53.06 Machine Learning and Cloud Computing for Enhanced Surgical Risk Prediction

Z. C. Dietch1, K. C. Lichtendahl2, Y. Grushka-Cockayne2, J. M. Will2, R. S. Jones1, R. G. Sawyer1 1University Of Virginia,Department Of Surgery,Charlottesville, VA, USA 2University Of Virginia,Darden Graduate School Of Business,Charlottesville, VA, USA

Introduction: Accurate risk prediction enhances surgical care by impacting perioperative planning, informed consent, patient selection, and outcome measures. Advances in machine learning, computing, and data availability have led to superior predictions in many disciplines by automating the process of variable selection in the context of vast amounts of data. Based on wisdom-of-crowds literature, we hypothesized that an ensemble, or average, of machine-learning prediction models would outperform mortality predictions issued by the American College of Surgeons National Surgical Quality Improvement Program (ACSNSQIP).

Methods: Preoperative characteristics and mortality outcomes from the ACSNSQIP Participant Use Files (PUF) 2005-2013 were used to form mortality predictions.

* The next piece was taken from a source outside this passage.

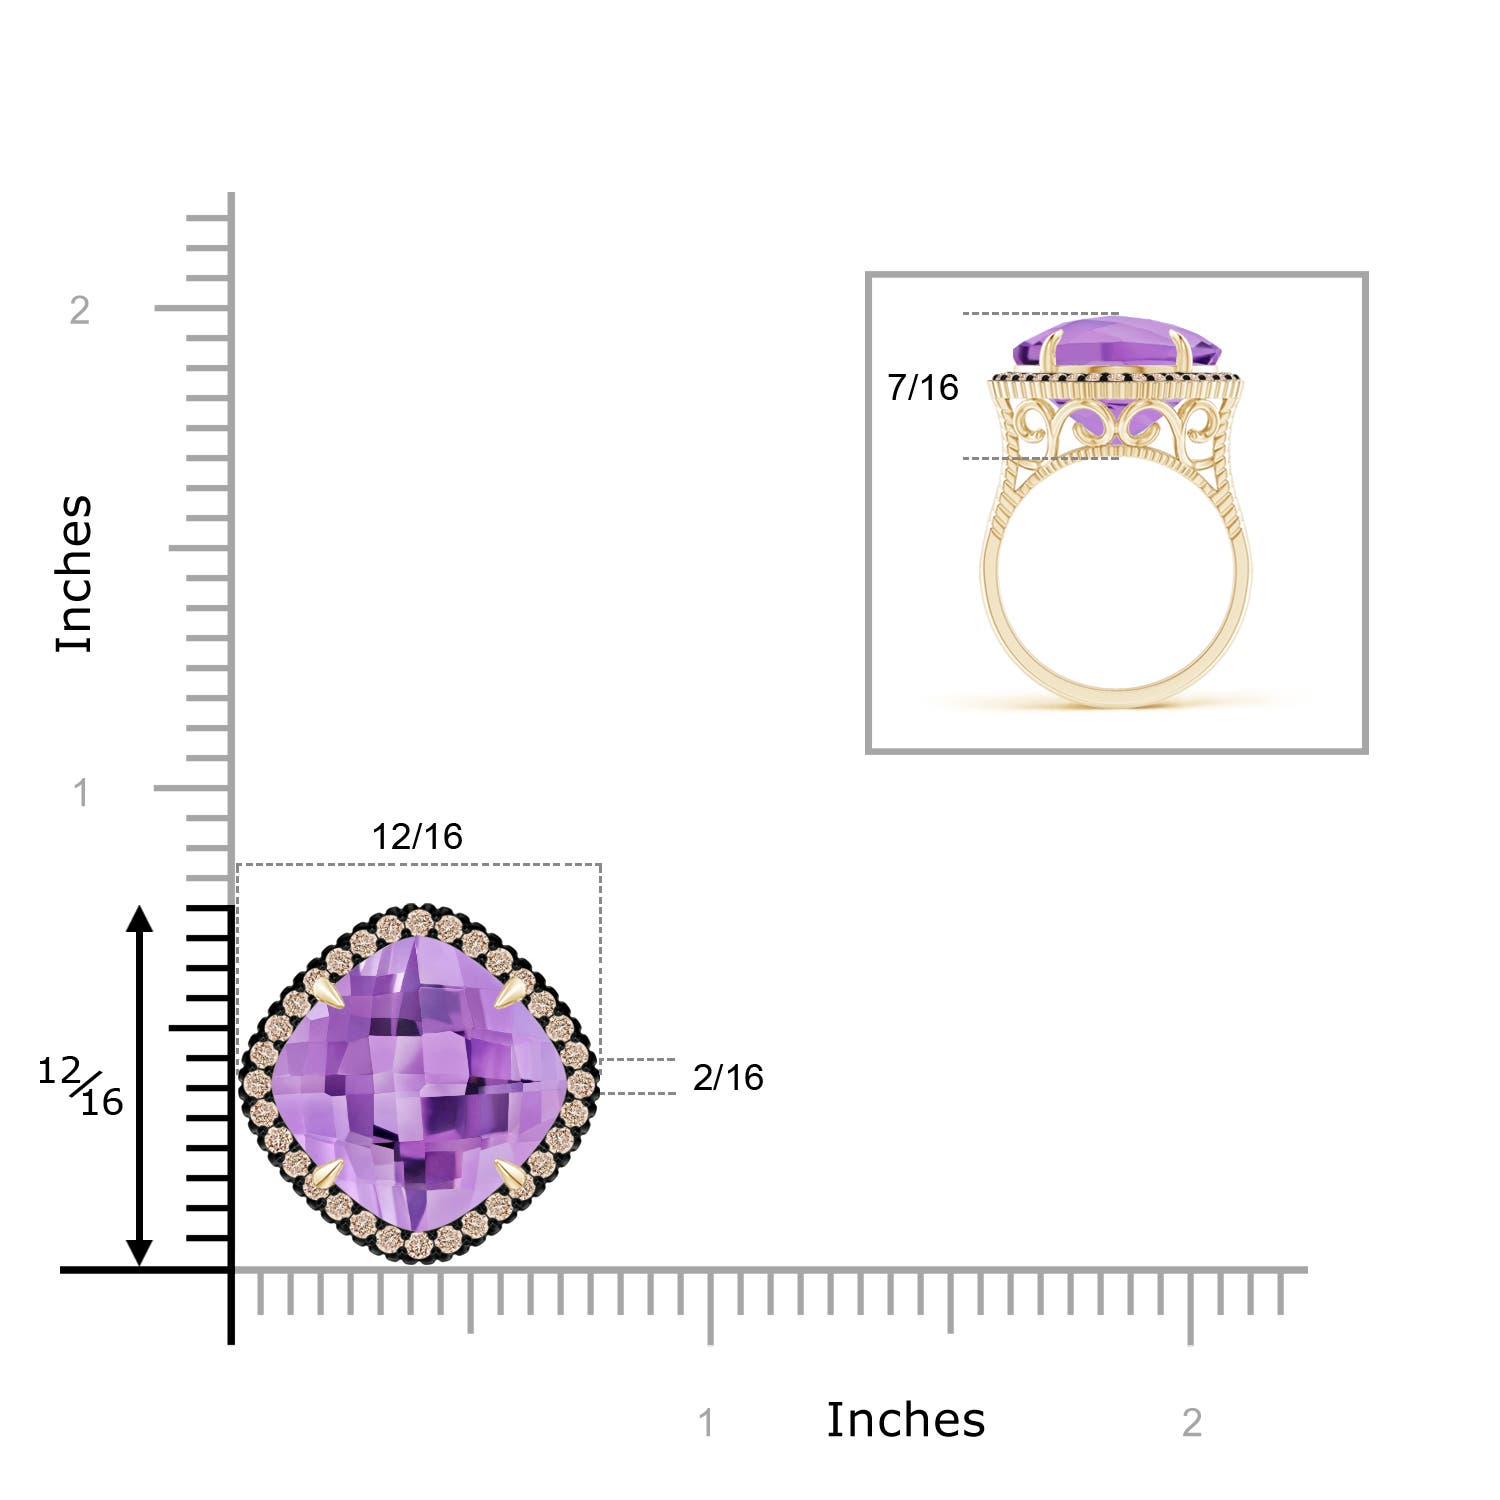 A - Amethyst / 8.38 CT / 14 KT Yellow Gold

The data were split into training and testing sets. The free open-source R statistical software was utilized on Microsoft’s Azure cloud environment to parallel-process variable selection and mortality predictions. Two machine-learning algorithms—regularized logistic regression and random forest—were fit to the training set to generate probabilistic mortality predictions for each observation in the testing set. The two model predictions were averaged to form an ensemble prediction. The primary outcome was the improved accuracy of mortality predictions of the ensemble compared to those of the ACSNSQIP model. The Brier score, a measure of accuracy represented by the mean squared difference between the predicted probability and actual outcome for a set of individual observations, was used to evaluate performance. Significance was determined using the Amisano-Giacomini test.

Results: Models were trained on 1,847,818 records, and predictions were tested on 615,939 records. The regularized logistic regression selected 93 predictors, including 11 new variables engineered using ACSNQIP PUF data. The random forest utilized 86 selected predictors, including 17 newly engineered variables. Predictions of the ensemble outperformed ACSNSQIP predictions as measured by Brier scores where lower is better (0.009854 vs. 0.009904, p=0.0065), representing a mean improvement of 0.5% over ACSNSQIP predictions. A graphical representation of model calibration is presented (Figure).

Conclusion: Advances in machine learning and cloud computing have enabled rapid, robust, and affordable predictive analysis. Utilizing such capabilities, we generated a predictive model that outperformed the ACSNSQIP model. Despite lacking institution-specific data used by the ACSNSQIP in their model, we outperformed ACSNSQIP predictions using otherwise identical data. Because outcomes vary by institution, we expect further improvement by including institution-specific data in our model.